= WORK TO COMPLETE =
Please reproduce the listing below exactly, leaving out every picture.

··· PROVIDED DATA ···

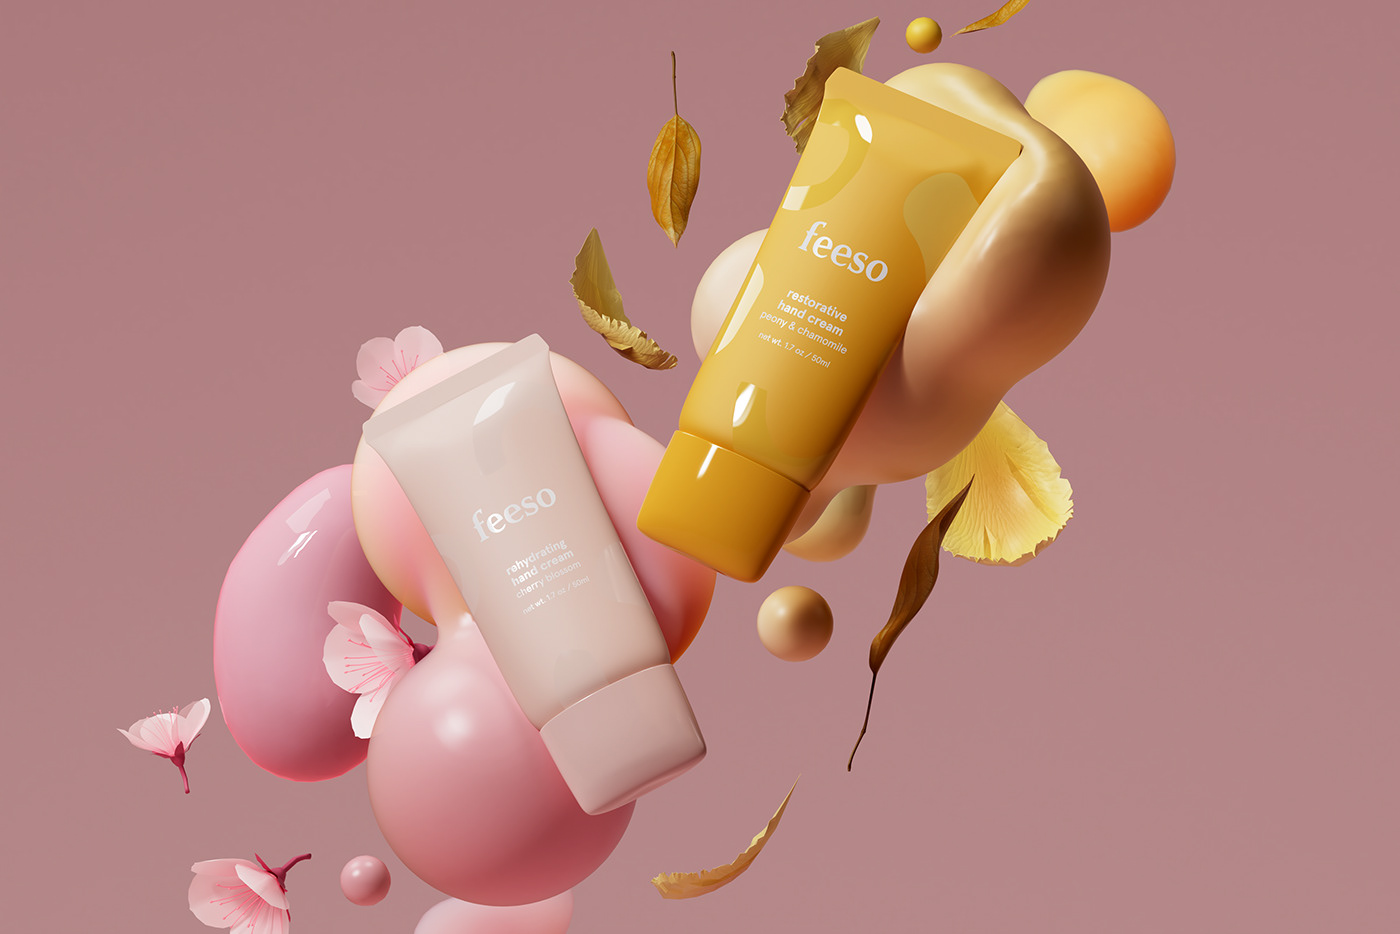 3d Visualisation 3D Visualization date of birth design feeso hand cream mimimal Packaging pink yellow
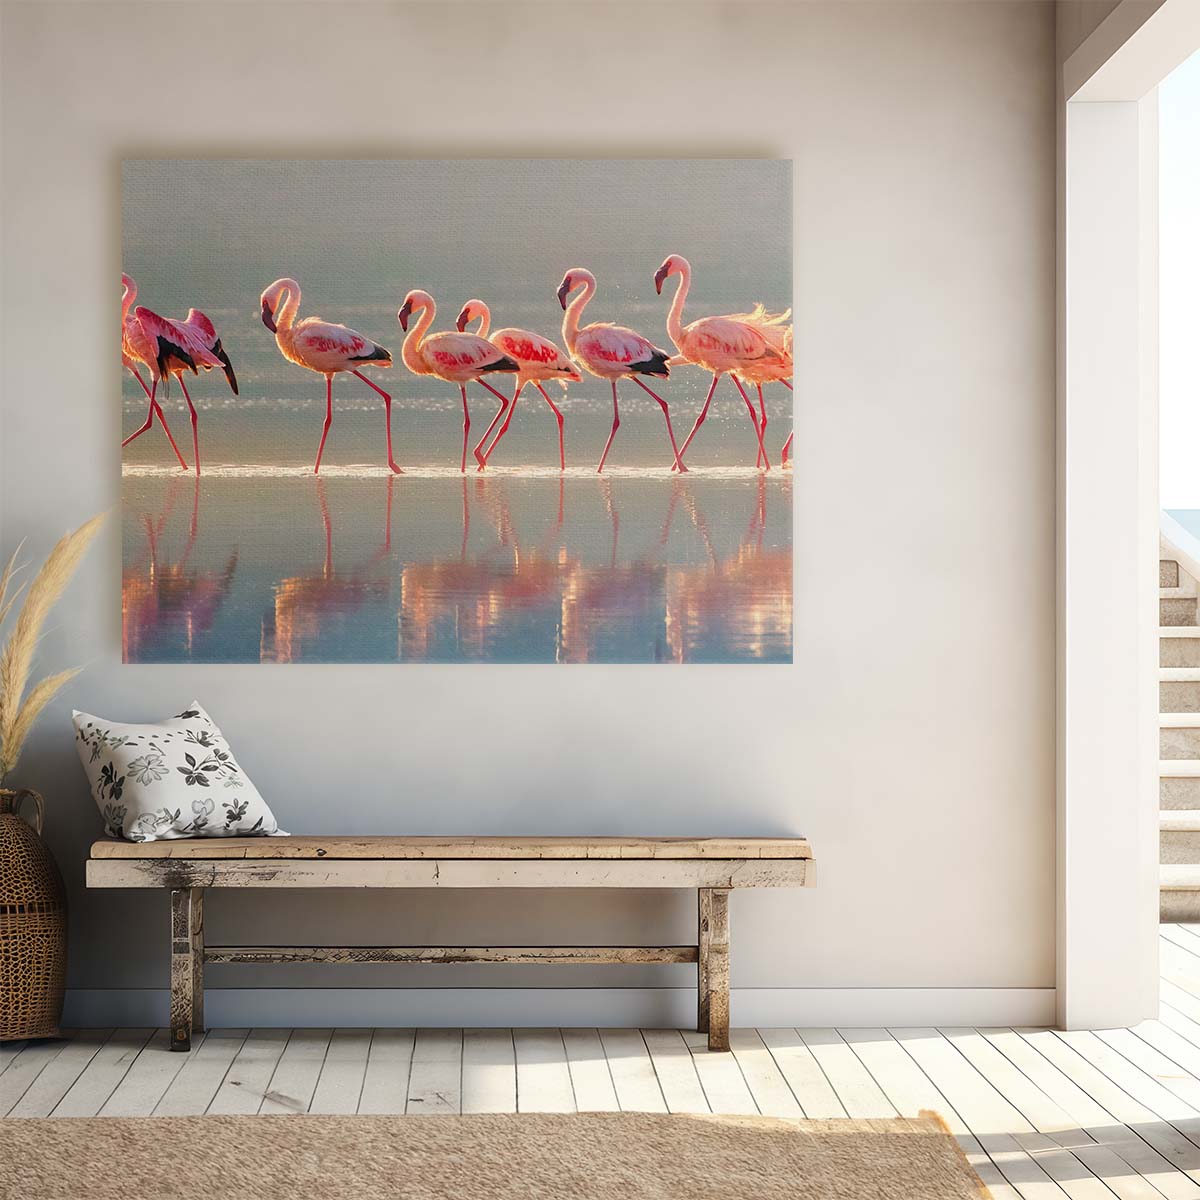 Romantic Flamingo Flock Reflection Wildlife Wall Art by Luxuriance Designs. Made in USA.
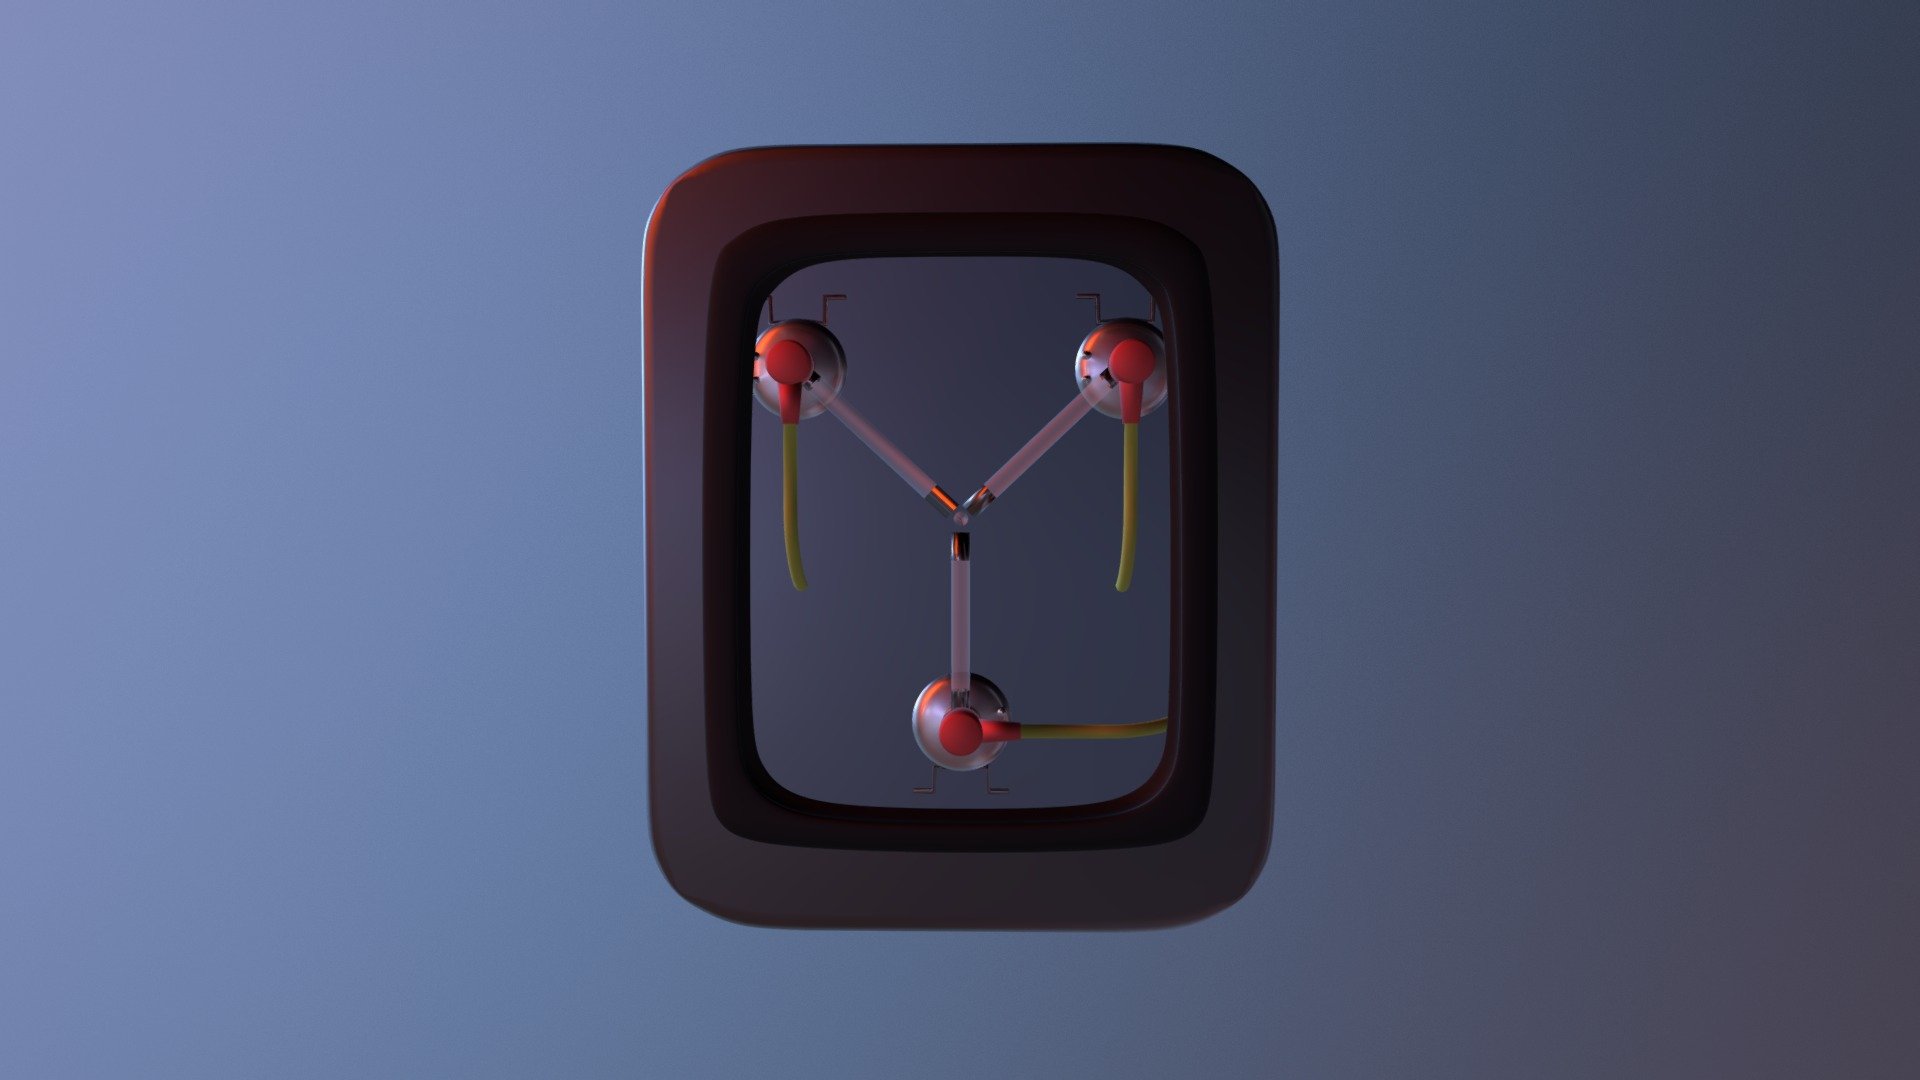 flux capacitor animation
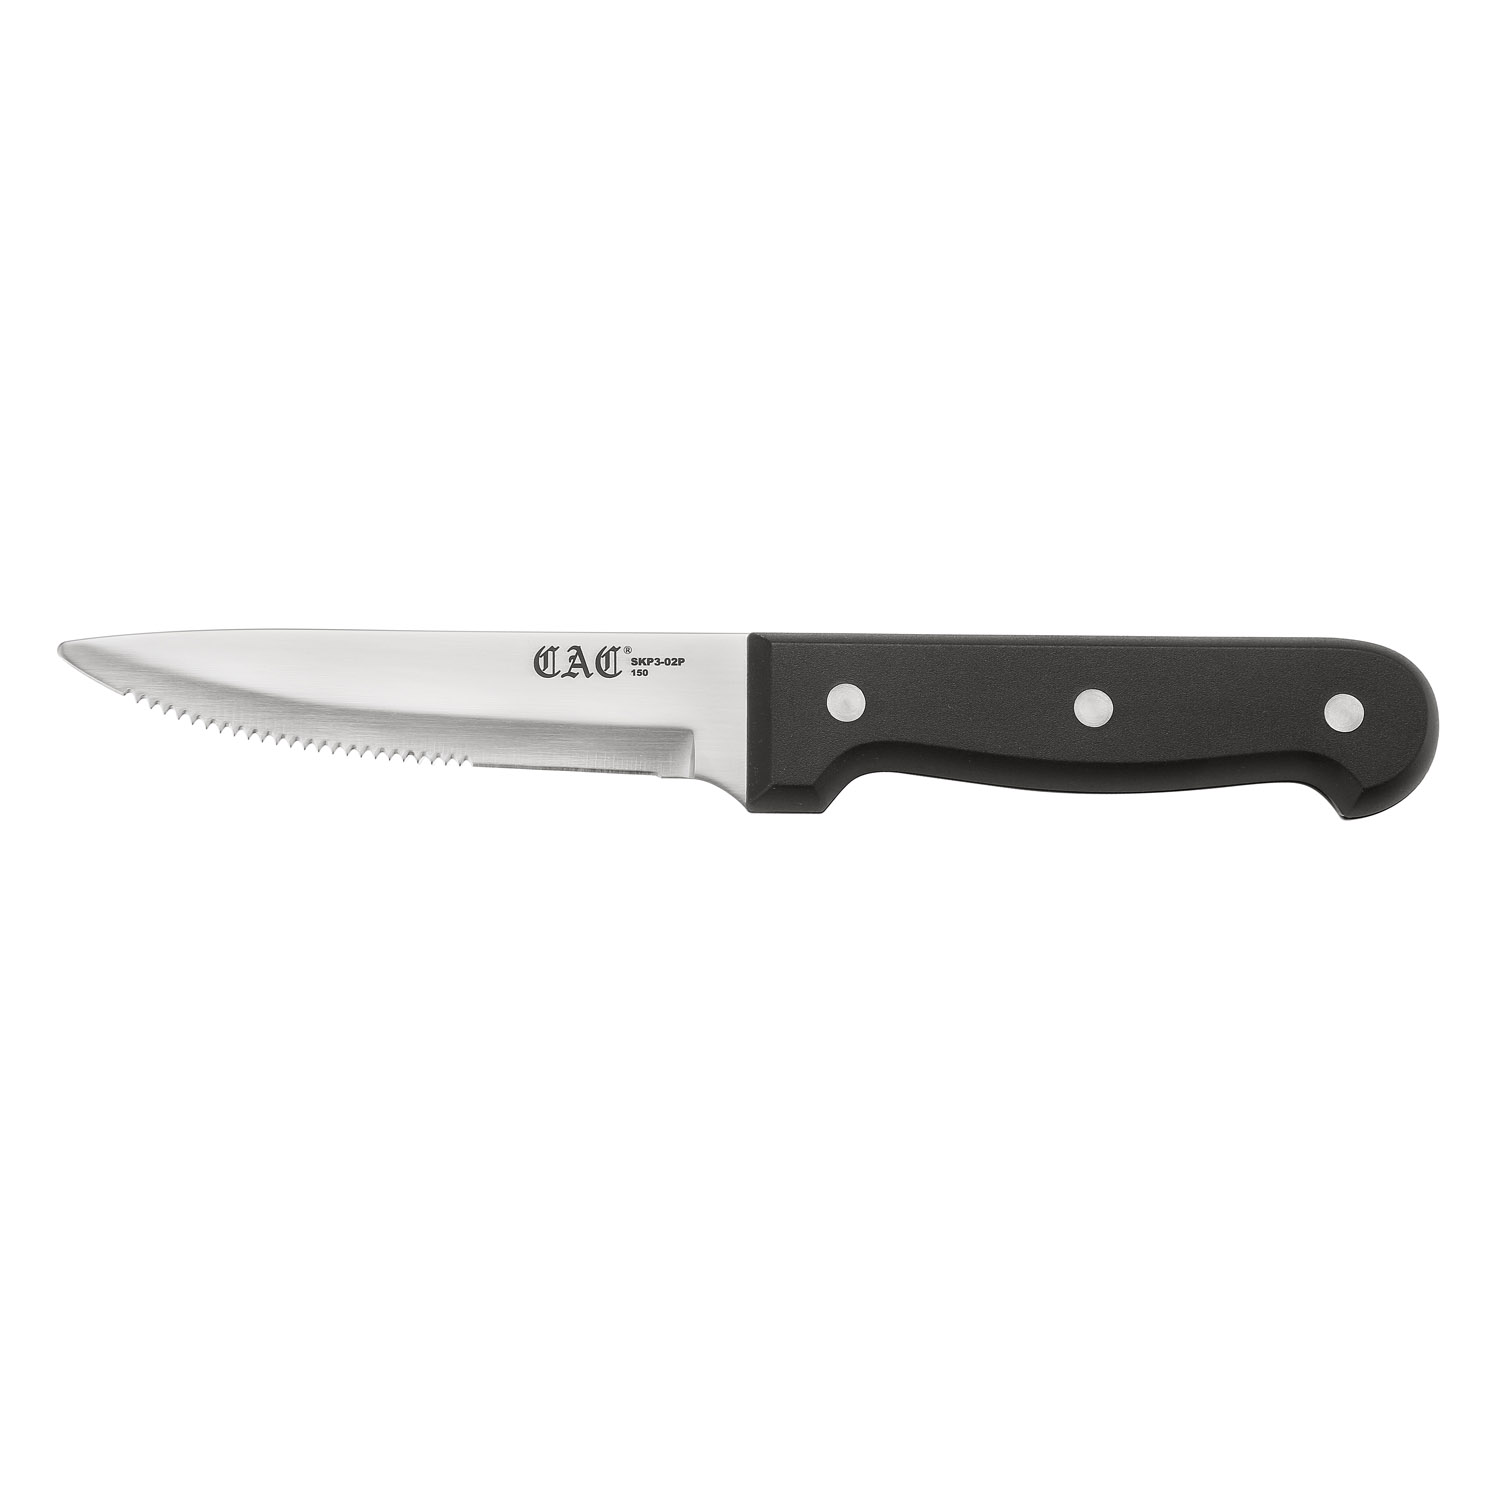 CAC China SKP3-02P Jumbo Steak Knife with Pointed Tip, Plastic Handle 5"

···

= REPLY TO THE EXERCISE =
 3d Visualisation 3D Visualization date of birth design feeso hand cream mimimal Packaging pink yellow
 Romantic Flamingo Flock Reflection Wildlife Wall Art by Luxuriance Designs. Made in USA.
 flux capacitor animation
 CAC China SKP3-02P Jumbo Steak Knife with Pointed Tip, Plastic Handle 5"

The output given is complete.